— EXERCISE AIM —
Return every line of the material exactly.

— MATERIAL SUPPLIED —
▽

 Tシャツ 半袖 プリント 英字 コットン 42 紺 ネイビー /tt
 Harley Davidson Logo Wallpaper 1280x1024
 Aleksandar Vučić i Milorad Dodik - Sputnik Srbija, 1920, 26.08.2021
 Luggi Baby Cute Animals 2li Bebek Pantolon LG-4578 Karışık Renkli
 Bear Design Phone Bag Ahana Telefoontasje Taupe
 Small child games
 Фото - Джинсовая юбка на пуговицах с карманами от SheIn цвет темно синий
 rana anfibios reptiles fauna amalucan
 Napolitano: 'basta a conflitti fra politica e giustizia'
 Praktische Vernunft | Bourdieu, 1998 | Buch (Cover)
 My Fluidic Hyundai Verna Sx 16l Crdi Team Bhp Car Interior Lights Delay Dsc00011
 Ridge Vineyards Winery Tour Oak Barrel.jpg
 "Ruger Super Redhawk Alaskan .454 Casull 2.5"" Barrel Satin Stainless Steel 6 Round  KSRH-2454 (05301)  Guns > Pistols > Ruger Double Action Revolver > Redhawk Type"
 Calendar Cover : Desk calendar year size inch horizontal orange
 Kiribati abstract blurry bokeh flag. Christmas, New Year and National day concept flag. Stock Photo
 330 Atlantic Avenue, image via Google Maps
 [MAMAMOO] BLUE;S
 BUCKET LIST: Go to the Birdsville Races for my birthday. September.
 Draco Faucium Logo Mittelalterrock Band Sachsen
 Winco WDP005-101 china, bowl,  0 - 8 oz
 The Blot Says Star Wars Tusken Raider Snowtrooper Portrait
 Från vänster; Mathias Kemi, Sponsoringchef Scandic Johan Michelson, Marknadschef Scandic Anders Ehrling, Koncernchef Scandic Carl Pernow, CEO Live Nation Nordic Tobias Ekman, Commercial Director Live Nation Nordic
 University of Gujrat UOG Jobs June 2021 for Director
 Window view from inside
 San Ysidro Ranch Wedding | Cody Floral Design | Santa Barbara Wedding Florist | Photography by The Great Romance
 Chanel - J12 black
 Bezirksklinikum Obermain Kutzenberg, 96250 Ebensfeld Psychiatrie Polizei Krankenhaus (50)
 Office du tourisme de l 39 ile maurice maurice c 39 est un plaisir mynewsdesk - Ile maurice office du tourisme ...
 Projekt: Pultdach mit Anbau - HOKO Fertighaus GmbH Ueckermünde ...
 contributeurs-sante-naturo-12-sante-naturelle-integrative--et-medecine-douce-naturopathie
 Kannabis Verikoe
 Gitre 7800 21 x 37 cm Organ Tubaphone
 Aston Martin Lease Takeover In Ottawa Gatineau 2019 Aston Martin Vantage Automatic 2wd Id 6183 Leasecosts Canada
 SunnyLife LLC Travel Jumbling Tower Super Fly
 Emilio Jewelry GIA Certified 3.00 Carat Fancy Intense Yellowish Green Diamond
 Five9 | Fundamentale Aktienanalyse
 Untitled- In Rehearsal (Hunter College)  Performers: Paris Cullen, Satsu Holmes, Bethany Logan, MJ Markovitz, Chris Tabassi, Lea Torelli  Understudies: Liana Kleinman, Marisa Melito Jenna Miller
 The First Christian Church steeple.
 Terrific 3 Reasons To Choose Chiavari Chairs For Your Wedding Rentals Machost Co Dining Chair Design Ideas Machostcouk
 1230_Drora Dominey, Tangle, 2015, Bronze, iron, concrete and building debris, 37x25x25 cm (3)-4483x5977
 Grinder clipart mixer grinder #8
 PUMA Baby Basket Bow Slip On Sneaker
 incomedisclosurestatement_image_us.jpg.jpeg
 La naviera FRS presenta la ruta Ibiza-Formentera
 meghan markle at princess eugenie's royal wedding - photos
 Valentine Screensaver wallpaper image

△

— ANSWER TO THIS EXERCISE —
 Tシャツ 半袖 プリント 英字 コットン 42 紺 ネイビー /tt
 Harley Davidson Logo Wallpaper 1280x1024
 Aleksandar Vučić i Milorad Dodik - Sputnik Srbija, 1920, 26.08.2021
 Luggi Baby Cute Animals 2li Bebek Pantolon LG-4578 Karışık Renkli
 Bear Design Phone Bag Ahana Telefoontasje Taupe
 Small child games
 Фото - Джинсовая юбка на пуговицах с карманами от SheIn цвет темно синий
 rana anfibios reptiles fauna amalucan
 Napolitano: 'basta a conflitti fra politica e giustizia'
 Praktische Vernunft | Bourdieu, 1998 | Buch (Cover)
 My Fluidic Hyundai Verna Sx 16l Crdi Team Bhp Car Interior Lights Delay Dsc00011
 Ridge Vineyards Winery Tour Oak Barrel.jpg
 "Ruger Super Redhawk Alaskan .454 Casull 2.5"" Barrel Satin Stainless Steel 6 Round  KSRH-2454 (05301)  Guns > Pistols > Ruger Double Action Revolver > Redhawk Type"
 Calendar Cover : Desk calendar year size inch horizontal orange
 Kiribati abstract blurry bokeh flag. Christmas, New Year and National day concept flag. Stock Photo
 330 Atlantic Avenue, image via Google Maps
 [MAMAMOO] BLUE;S
 BUCKET LIST: Go to the Birdsville Races for my birthday. September.
 Draco Faucium Logo Mittelalterrock Band Sachsen
 Winco WDP005-101 china, bowl,  0 - 8 oz
 The Blot Says Star Wars Tusken Raider Snowtrooper Portrait
 Från vänster; Mathias Kemi, Sponsoringchef Scandic Johan Michelson, Marknadschef Scandic Anders Ehrling, Koncernchef Scandic Carl Pernow, CEO Live Nation Nordic Tobias Ekman, Commercial Director Live Nation Nordic
 University of Gujrat UOG Jobs June 2021 for Director
 Window view from inside
 San Ysidro Ranch Wedding | Cody Floral Design | Santa Barbara Wedding Florist | Photography by The Great Romance
 Chanel - J12 black
 Bezirksklinikum Obermain Kutzenberg, 96250 Ebensfeld Psychiatrie Polizei Krankenhaus (50)
 Office du tourisme de l 39 ile maurice maurice c 39 est un plaisir mynewsdesk - Ile maurice office du tourisme ...
 Projekt: Pultdach mit Anbau - HOKO Fertighaus GmbH Ueckermünde ...
 contributeurs-sante-naturo-12-sante-naturelle-integrative--et-medecine-douce-naturopathie
 Kannabis Verikoe
 Gitre 7800 21 x 37 cm Organ Tubaphone
 Aston Martin Lease Takeover In Ottawa Gatineau 2019 Aston Martin Vantage Automatic 2wd Id 6183 Leasecosts Canada
 SunnyLife LLC Travel Jumbling Tower Super Fly
 Emilio Jewelry GIA Certified 3.00 Carat Fancy Intense Yellowish Green Diamond
 Five9 | Fundamentale Aktienanalyse
 Untitled- In Rehearsal (Hunter College)  Performers: Paris Cullen, Satsu Holmes, Bethany Logan, MJ Markovitz, Chris Tabassi, Lea Torelli  Understudies: Liana Kleinman, Marisa Melito Jenna Miller
 The First Christian Church steeple.
 Terrific 3 Reasons To Choose Chiavari Chairs For Your Wedding Rentals Machost Co Dining Chair Design Ideas Machostcouk
 1230_Drora Dominey, Tangle, 2015, Bronze, iron, concrete and building debris, 37x25x25 cm (3)-4483x5977
 Grinder clipart mixer grinder #8
 PUMA Baby Basket Bow Slip On Sneaker
 incomedisclosurestatement_image_us.jpg.jpeg
 La naviera FRS presenta la ruta Ibiza-Formentera
 meghan markle at princess eugenie's royal wedding - photos
 Valentine Screensaver wallpaper image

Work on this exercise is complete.